Second Division
- Season: 2022
- Dates: 10 December – TBA
- Champions: Buru Sports Club
- Promoted: Buru Sports Club^{1}

= 2022 Maldivian Second Division Football Tournament =

Statistics of Second Division Football Tournament in the 2022 season.

==Teams==
A total of sixteen teams were to compete in the league. Teams are divided into two groups. Club Only One Opportunity withdrew after the draw and tournament was played with fifteen teams.

==Group stage==
From each group, the top two teams will be advanced for the Semi-finals.

All times listed are Maldives Standard Time.
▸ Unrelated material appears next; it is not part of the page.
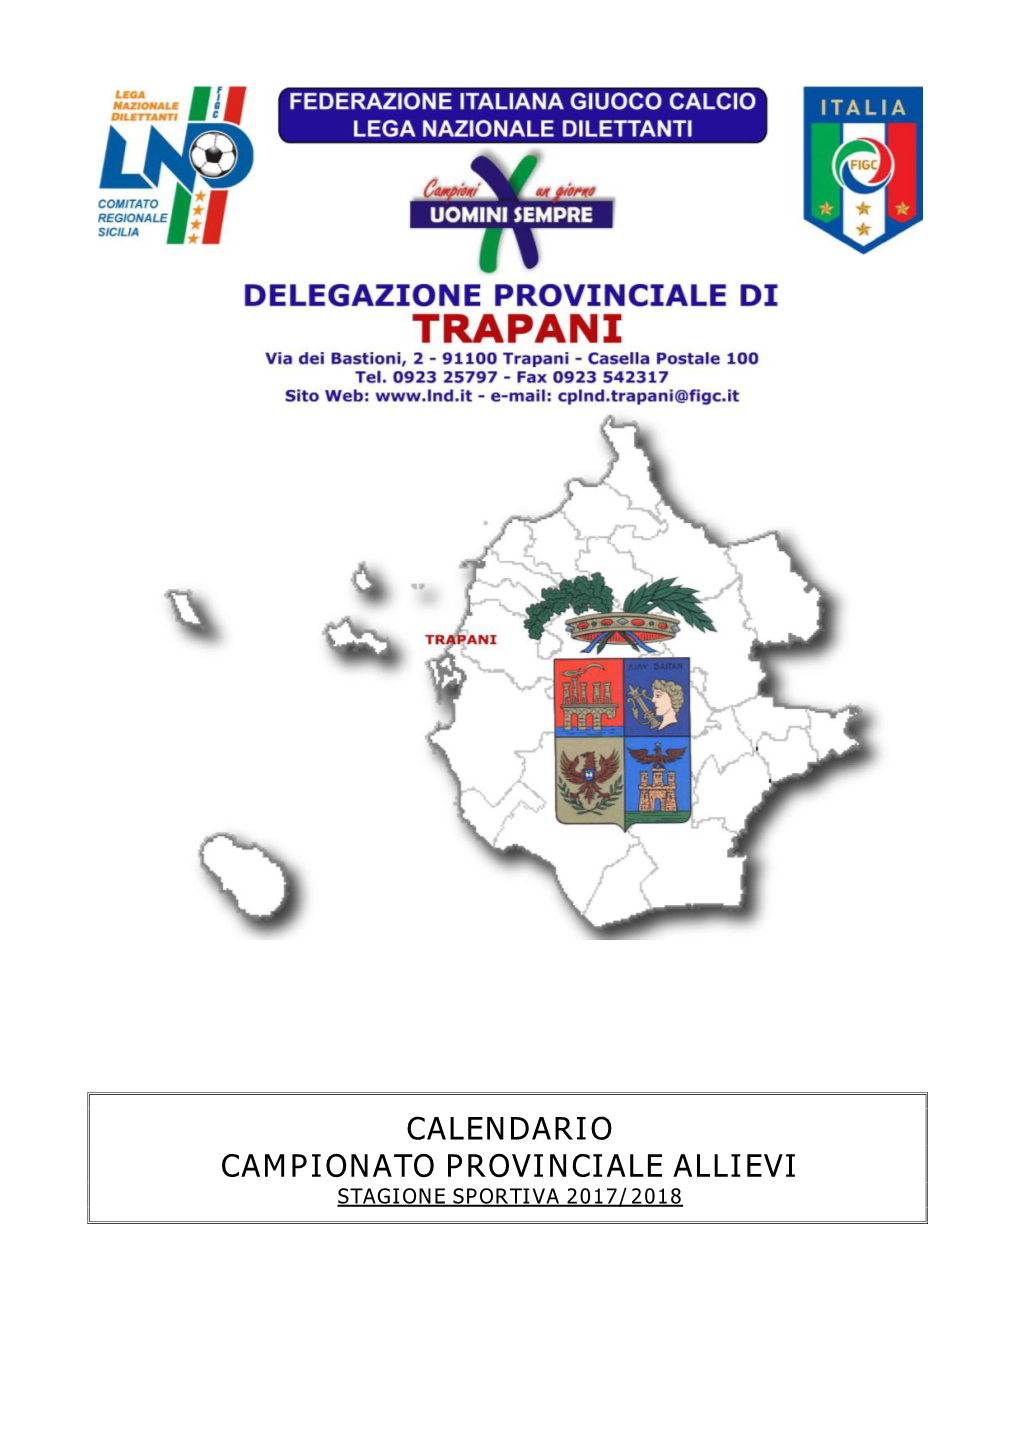 Calendario Campionato Provinciale Allievi Stagione Sportiva 2017/2018 Girone Di Andata

UTC+05:00

Key to colors in group tables
|  | Teams that advance to the semi-finals Group winners; Group runners-up; |

===Group 1===

| Team | Pld | W | D | L | GF | GA | GD | Pts |
|---|---|---|---|---|---|---|---|---|
| Buru Sports Club | 7 | 7 | 0 | 0 | 23 | 2 | +21 | 21 |
| Kudahenveiru United | 7 | 5 | 0 | 2 | 24 | 8 | +16 | 15 |
| Tent Sports Club | 7 | 5 | 0 | 2 | 17 | 4 | +13 | 15 |
| Club P.K. | 7 | 4 | 0 | 3 | 11 | 12 | −1 | 12 |
| J.J. Sports Club | 7 | 3 | 0 | 4 | 14 | 15 | −1 | 9 |
| Dhivehi Sifainge Club | 7 | 2 | 0 | 5 | 6 | 10 | −4 | 6 |
| Biss Buru Sports | 7 | 2 | 0 | 5 | 11 | 23 | −12 | 6 |
| Capital City Sports Club | 7 | 0 | 0 | 7 | 1 | 33 | −32 | 0 |

===Group 2===

| Team | Pld | W | D | L | GF | GA | GD | Pts |
|---|---|---|---|---|---|---|---|---|
| Club Teenage | 6 | 4 | 1 | 1 | 20 | 5 | +15 | 13 |
| New Radiant SC | 6 | 4 | 1 | 1 | 21 | 10 | +11 | 13 |
| L.T. Sports Club | 6 | 4 | 1 | 1 | 15 | 7 | +8 | 13 |
| Victory Sports Club | 6 | 3 | 1 | 2 | 11 | 8 | +3 | 10 |
| B.G. Sports Club | 6 | 2 | 1 | 3 | 6 | 8 | −2 | 7 |
| Mahibadhoo SC | 6 | 1 | 1 | 4 | 8 | 19 | −11 | 4 |
| Lorenzo Sports Club | 6 | 0 | 0 | 6 | 2 | 26 | −24 | 0 |

==Semi-finals==

14 August 2022
Buru Sports Club 1-1 New Radiant SC

14 August 2022
Club Teenage 0-0 Kudahenveiru United

==Final==
Both finalists are eligible for the 2023 Dhivehi Premier League play-off.

17 August 2022
Buru Sports Club 4-0 Club Teenage

==Awards==

| Award | Details |
|---|---|
| Best Player | Stefan Đurić (Buru Sports Club) |
| Best Goalkeeper | Mohamed Hassan Abdel Hamid (Club Teenage) |
| Fair Play Team | Club Teenage |

==Notes==

1. Buru Sports Club gained promotion to the 2023 Dhivehi Premier League via 2023 Dhivehi Premier League play-off.